Two television shows have recently made a huge impression on me: the BBC Janet Baker documentary, and “Fosse/Verdon,” the fabulous story of that artistic and personal partnership. And as I finally have a chance to stroll around in the mountains as summer begins, I’ve been processing what exactly those shows are shaking loose in my head.
All 90 minutes of the Baker documentary are wonderful, luminous, worth every musician’s time. But what stays with me most is the beginning, when the interviewer asks Dame Janet about her early retirements: why did she step aside when she was still singing and had more years ahead of her? And Dame Janet says – well, performing is frightening. And performing from memory is hard and gets harder. I got a lot from it but it cost me a lot too, and at a certain point I thought, enough.
Such a simple statement, but it just hit me between the eyes – because it’s the thing we all know, and the thing we pretend isn’t so. Sure, we talk about our anxiety with our friends, but to really show weakness as a performer is still straight up taboo. “Don’t think I couldn’t replace you a hundred times over,” says the young Bob Fosse’s manager to him – and we all know that’s true. So we make sure we always look strong, happy, confident.

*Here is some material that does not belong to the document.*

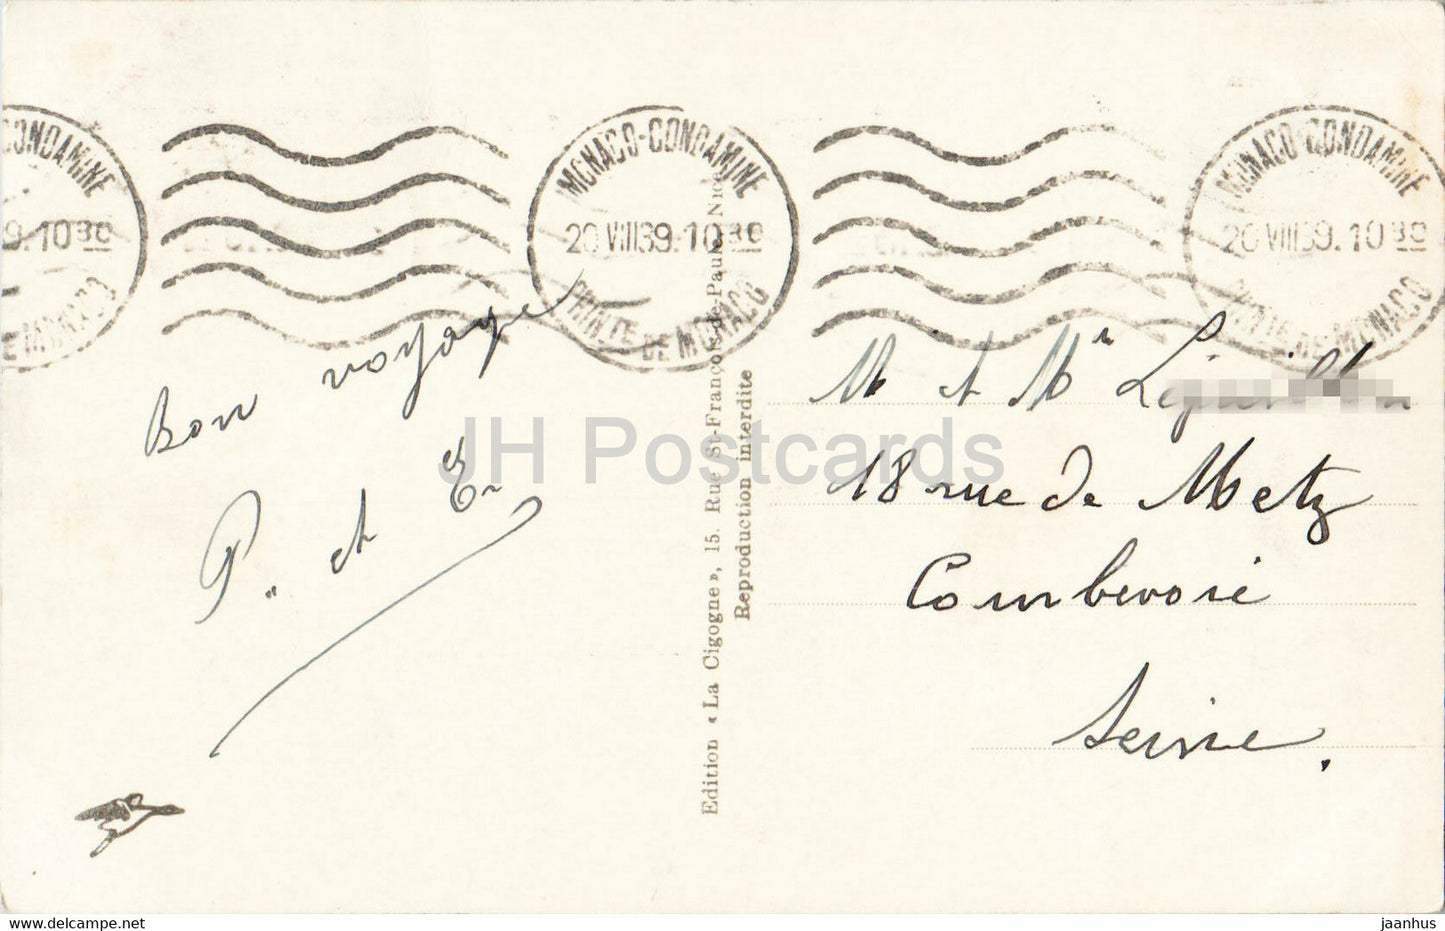 Monaco - Le Rocher - Vue sur Martin et l'Italie - 1495 - carte postale ancienne - 1939 - Monaco - oblitéré

But I just skipped to another show, sorry. If I really start writing about “Fosse/Verdon,” this post will stretch into June, so again let me say what stays with me most, especially in relation to the Baker documentary. The brilliant series uses iconic moments that come to stand for entire states of mind, ways of dealing with the world. One is the frenetic tap-tap-tapping of the young Bob Fosse as he dances: it’s joyous, energetic, precise, obsessive, terrifying. The other is the change on Gwen Verdon’s face during her famous Sweet Charity curtain call. As the audience chants her name you can see her go from disbelief to gratitude to the realization that she is exceptional. That she is a star.

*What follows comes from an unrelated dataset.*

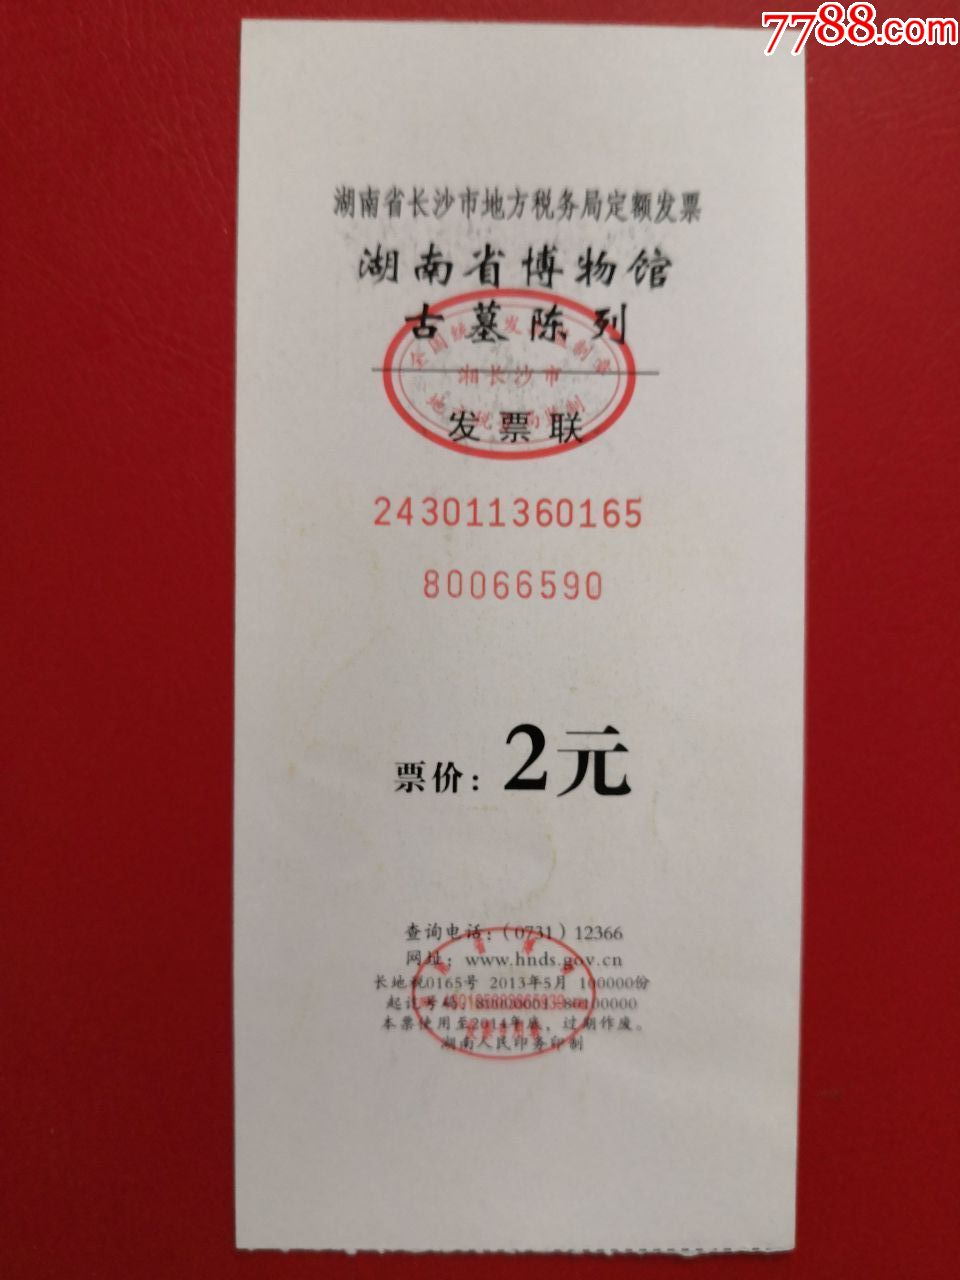 湖南省博物馆50元门票图片

What an audacious thing it is, to decide to simultaneously make your living and express yourself with your body. Tap-tap-tap: as you work toward mastery and excellence, you are dogged by the fear that those things might fade. And then, eventually, you may gain the wisdom that they will. So why do you try? It’s some combination of the things in the face of the great actress Michelle Williams during that curtain call: hunger for the audience’s approval, gratitude for the audience’s reaction, and maybe the realization that you have power to sway the audience.
All of this is in my mind as I take a morning hike at 7000 feet, in a totally different world. Here, I’m happy for feet and knees and hips and lungs that will carry me along a mountain path. I’m not in fantastic shape but also not terrible, and this is fine with me – I’m chill about my body in general in a way I am not chill about my body at the piano. But on a hike, although I can remember what it felt like to be 35 instead of 55, the fact that I used to be faster and stronger doesn’t dampen my joy.
In the clear air, my mind’s own tap-tap-tapping is always fainter and sometimes totally disappears. But it’s almost always there: the music I have to learn, the master classes, the teaching schedule, the performances. My own combination of fear, confidence, gratitude, and hubris: I’m writing this down with concern/confidence/gratitude in the audacious/hubristic belief that it might resonate with you.
In our current way of connecting and communicating with each other, the ways in which we curate and market our images are more sophisticated than ever. They’re not new – think of Robert and Clara Schumann’s diary, which they wrote together with an obvious eye toward readership, a kind of extremely low-tech blog. The letters left behind when prominent people died were always curated by them or by their allies, if not their enemies. Fosse/Verdon explores beautifully the ways in which our work is both our story and our curation, transparently true and slickly suspicious all at once. Performing is so tricky, and everyone performs for everyone else. In our era, people are working hard to examine that kind of social performance, to understand and change it. Yet it’s easier than ever to curate different versions of ourselves. That’s tricky for those of us who are really good at it.
There’s such power in an artist like Janet Baker saying that what we do is frightening, along with the many other things it is. Something else we can do when we connect is to say simply what is true. It is so noisy in this world that you might wonder if such statements matter. Maybe in this age we are finding out that they can. I believe that they can.
And I believe something else. At the end of the tap-tap-tapping, all of it (the required practice and study, the worry of being passed over, the stress of the schedule, the weight of comparison), in the middle of the musical collaborations, there is such unbelievable lightness and freedom. It feels like it felt on the path this morning. And that’s such a gorgeous paradox of this human journey, that something so antithetical to simple existence – obsessive, dedicated practice – can lead you back to the very center of your being, where you can walk simply as a small part of a huge, beautiful world.